Workers at Burdett Road and the mail centre at Bromley-by-Bow turned up for their first shift following the two 48-hour national stoppages only to be told they would not be paid for the first 15 minutes after their normal start times. They took the immediate decision not to comply and walked out.
This action was entirely justified. Management's right to alter start times is one of the issues at the heart of the dispute. As one worker said: "If we agree to this then the action we've taken so far will have been a waste of time".
Workers at a mass meeting at the main gate decided to stay out for the rest of the shift and to join their colleagues at the mail centre. It was also reported that management had decided to deduct all four days pay for the official strikes from a single week's pay and that one manager who had refused to implement this decision was being disciplined.
The mood was further inflamed by news that Area Rep John Coakley had been threatened with suspension for "instigating illegal action". As one worker told the mass meeting "We all know that's cobblers.

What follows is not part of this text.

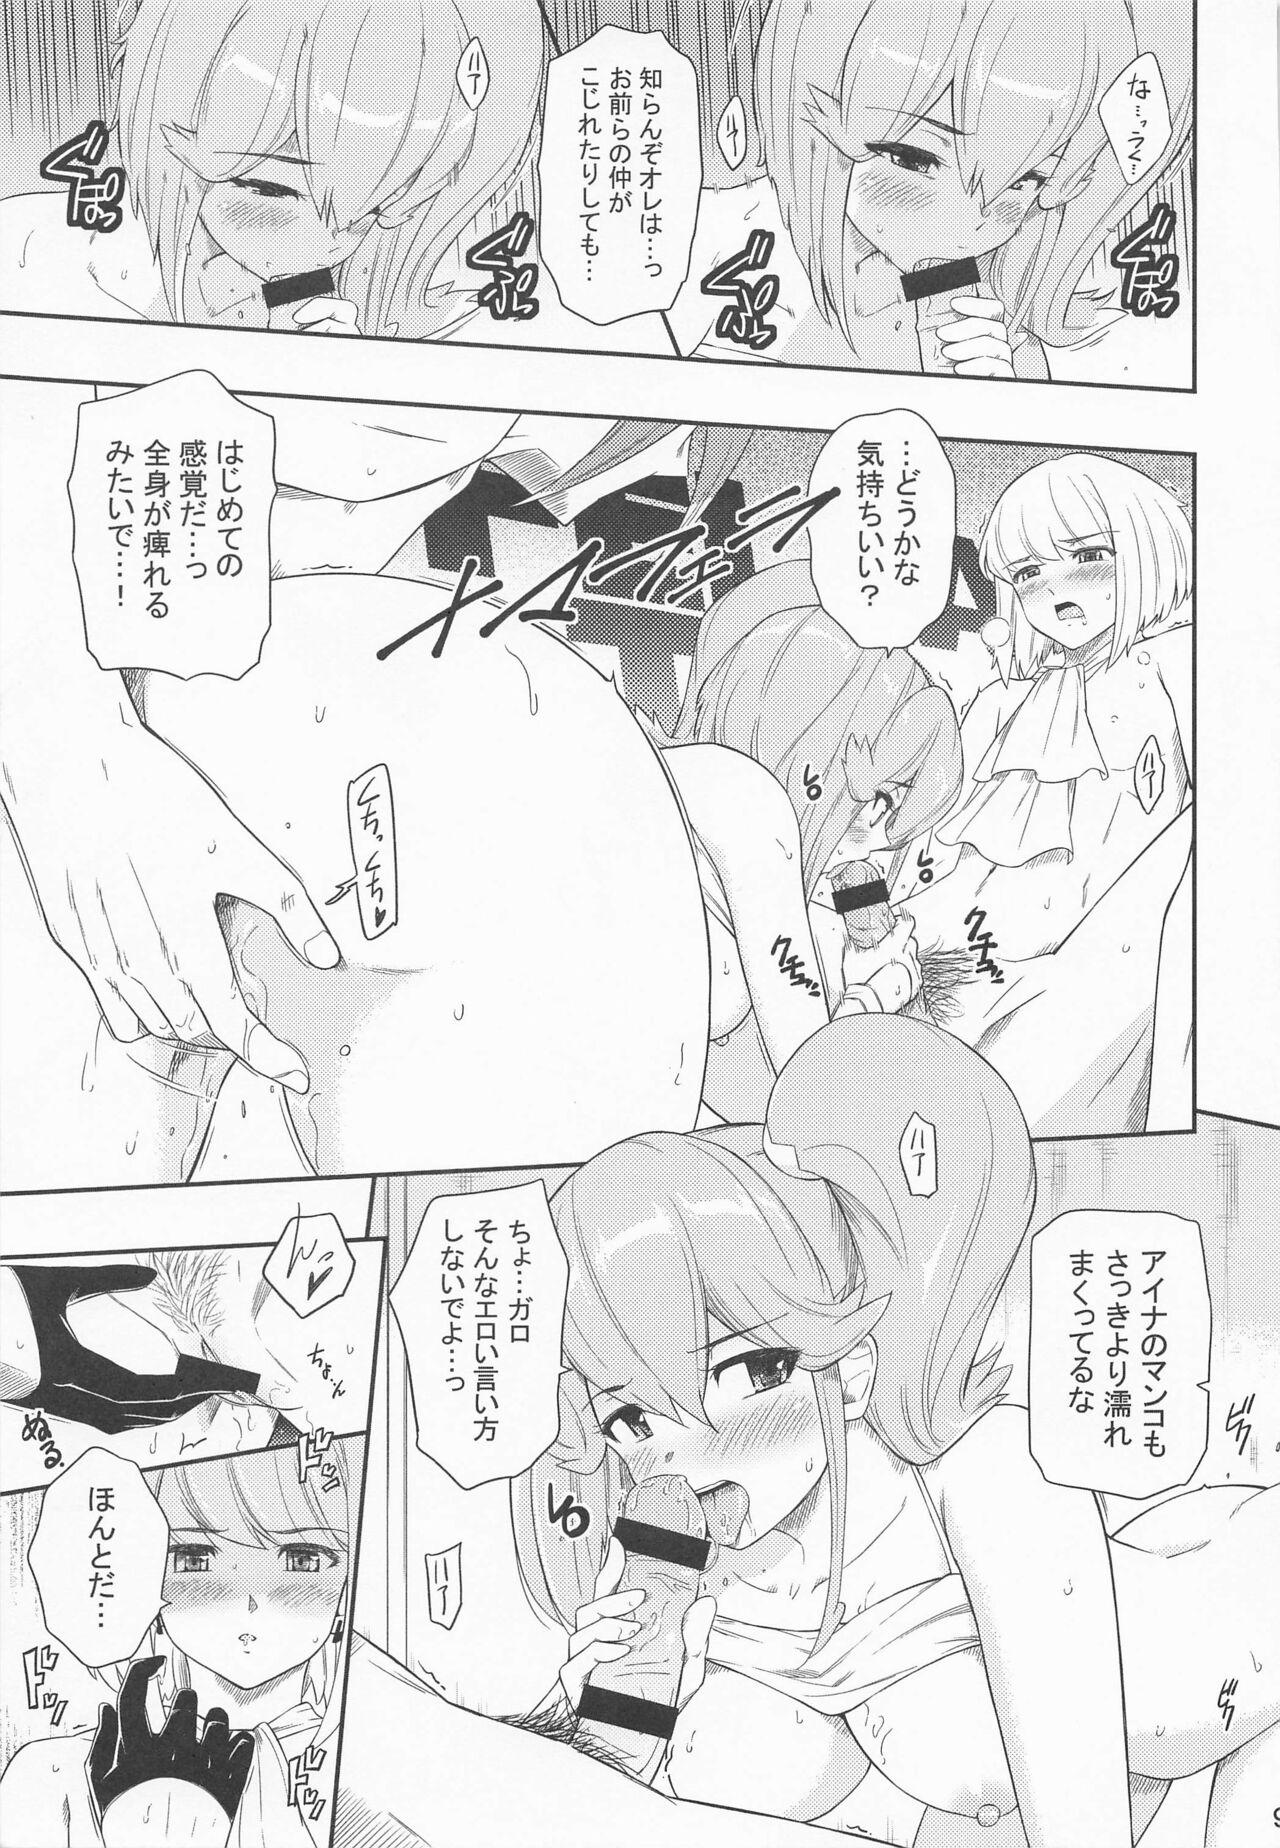 Orgasmus EROMARE - Suddenly 3P sex is happening... - Promare Concha - Page 8

Johnny was at home in bed when this happened. He's being singled out as a scapegoat and it's up to all of us to support him."
All these actions by management are deliberate provocation by Royal Mail. But if they were hoping to split the workforce it's backfired on them badly.
The walk-out was solid and news was coming in that more offices in East London were coming out, as well as other parts of London and elsewhere in the country.
"There's only four working in there", said one picket "one of them's got five kids and said he can't afford more days loss of pay. But we can't afford not to strike - it's not just about today, it's about our future and our kids' future."
Action continued on 11 October. Workers at E13 and E15 who turned up were told to sign new contracts, which include all the terms and conditions the union is fighting against. The workers responded by walking out again.
Clearly this kind of management diktat cannot be tolerated. The action needs to spread and be given support by the CWU nationally. The very future of the union is at stake. The action in London spread as the week progressed and by Friday 80% of offices in the capital were out including Greenford and Princess Royal Distribution Centre.
The question now is whether the national leadership will show the same resolve as the troops on the ground. If they do Royal Mail bosses are on a loser.